Le dîner fut excellent, les poissons étaient tout ce qu’il y avait de mieux dans le lac ; mais on manquait de dessert. En guise de dessert, Jésus servit à ses disciples un petit discours.

Il s’adressa à Simon-Caillou et lui dit :

— Pierre, m’aimes-tu ?

— Oui, Seigneur, je vous aime.

— Eh bien, tu feras paître mes brebis.

Au bout de cinq minutes, Jésus réitéra sa question :

— Pierre, m’aimes-tu ?

Et Simon-Caillou répondit comme la première fois.

À quoi le Verbe, qui adorait les répétitions, dit encore :

— Je te donne le soin de faire paître mon troupeau.

C’est en vertu de ces paroles que l’Église nous raconte que Pierre fut le premier pape.

Jésus apparut encore, à plusieurs reprises, à ses apôtres.

Un matin, d’assez bonne heure, il les emmena sur une autre colline.

Les apôtres, chemin faisant, se demandaient ce qui allait arriver.

— Est-ce qu’il va nous exciter encore à l’insurrection et se faire crucifier une seconde fois ?

Quelques-uns étaient inquiets, pensant que ce pourrait bien être leur tour. Ils n’envisageaient pas avec gaieté la perspective d’une potence.

Quand on fut au sommet de la colline, le Verbe leur parla ainsi :

— La comédie est terminée ; nous allons baisser le rideau. Ma mission est accomplie ; je n’ai plus rien à fricoter dans cette vallée de larmes. Je vais donc rejoindre au ciel le père Jéhovah. Embrassez-moi, et au revoir dans un meilleur monde.

Les apôtres étaient stupéfaits.

— Quoi ! vous nous quittez !

— Il le faut, c’est écrit dans le livre du destin.

— Mais que deviendrons-nous, si vous n’êtes plus dans notre compagnie pour nous fortifier par vos exemples ?

— Soyez sans crainte, je veillerai sur vous. J’ai soufflé sur vos têtes ; mon père no 2, le Saint-Esprit, descendra vous confirmer les dons précieux que j’ai tenu à vous transmettre. Allons, une dernière risette au patron ! L’heure de mon départ est sonnée.

On s’embrassa.

Après quoi Jésus, non sans avoir caressé la Magdeleine, posa le pied droit sur une pierre, plia le jarret, pour se donner du ressort, et s’élança en l’air.

Thomas eut, une seconde, l’idée qu’il allait retomber.

Pas du tout.

Le Verbe se soutenait dans le vide, et il montait, montait, avec une certaine vitesse.

Il monta tant et si bien, qu’à la fin les apôtres s’aperçurent… qu’ils ne l’apercevaient plus.

Alors, deux anges parurent à leurs côtés, et leur voix mélodieuse susurra ces paroles :

— Hommes de Galilée, ne regardez plus en haut comme ça ! Jésus est parti, et bien parti. Il ne reviendra qu’à la fin du monde pour juger les vivants et les morts.

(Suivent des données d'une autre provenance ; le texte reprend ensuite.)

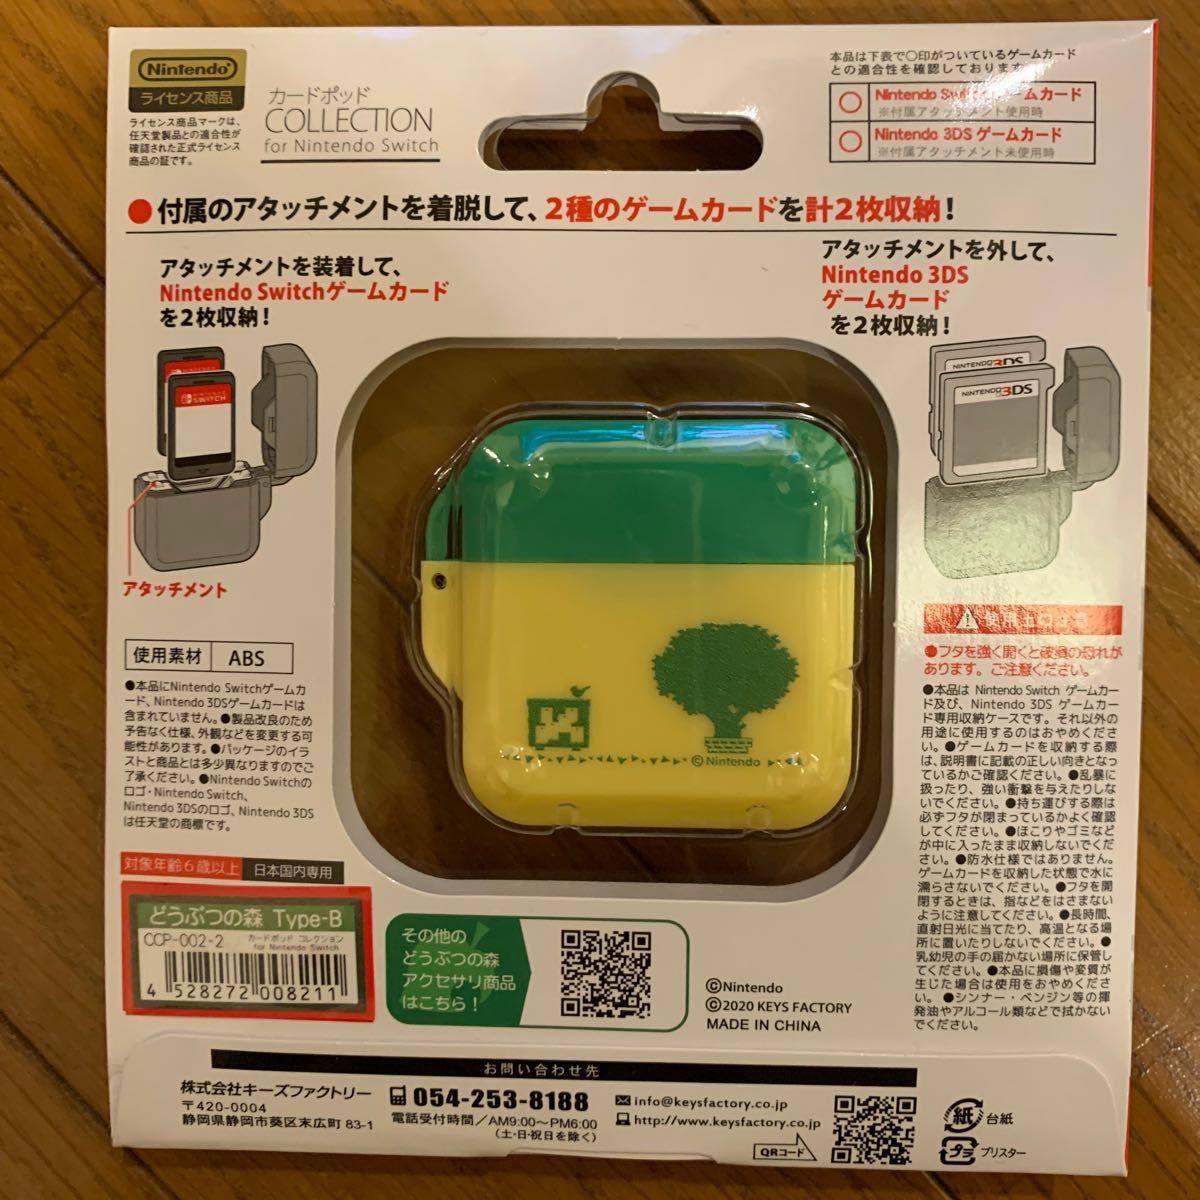 [任天堂ライセンス商品]CARD POD COLLECTION for Nintendo Switch(どうぶつの森)Type-B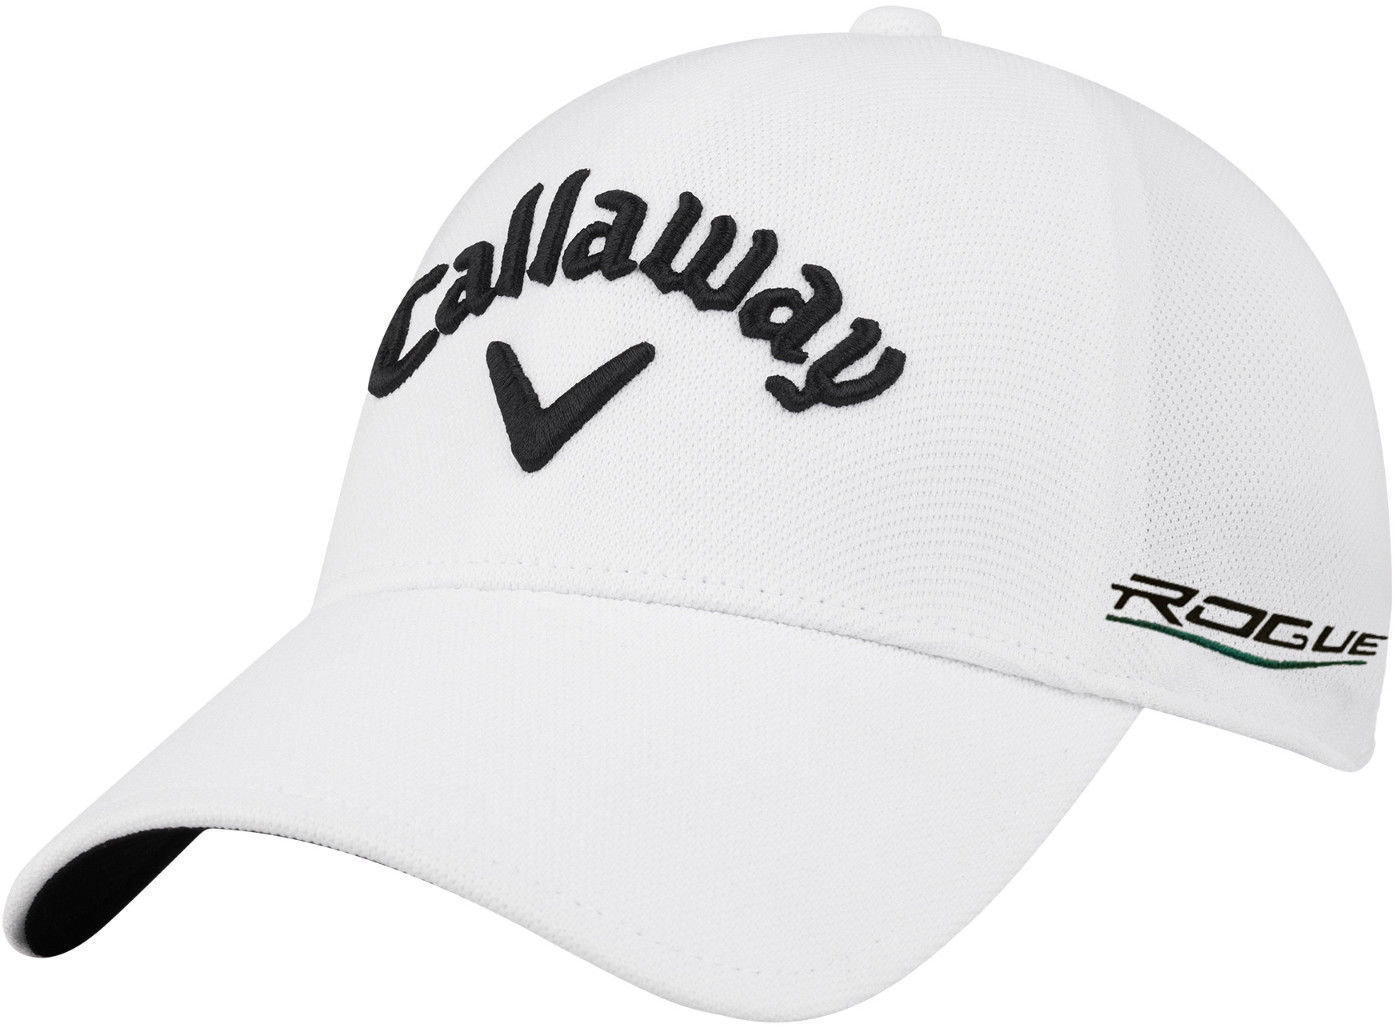 Καπέλο Callaway Ta Seamless Fitted L/Xl White 18

Et les apôtres s’en retournèrent au cénacle, baissant le nez, et convaincus que leur existence, désormais, n’allait pas être semée de roses. (Matthieu, XXVIII, 16-20 ; Marc, XVI, 15-20 ; Luc, XXIV, 44-53 ; Jean, XXI, 1-25.)


  1. Et ils sont nombreux, car la civilisation romaine était alors à son apogée.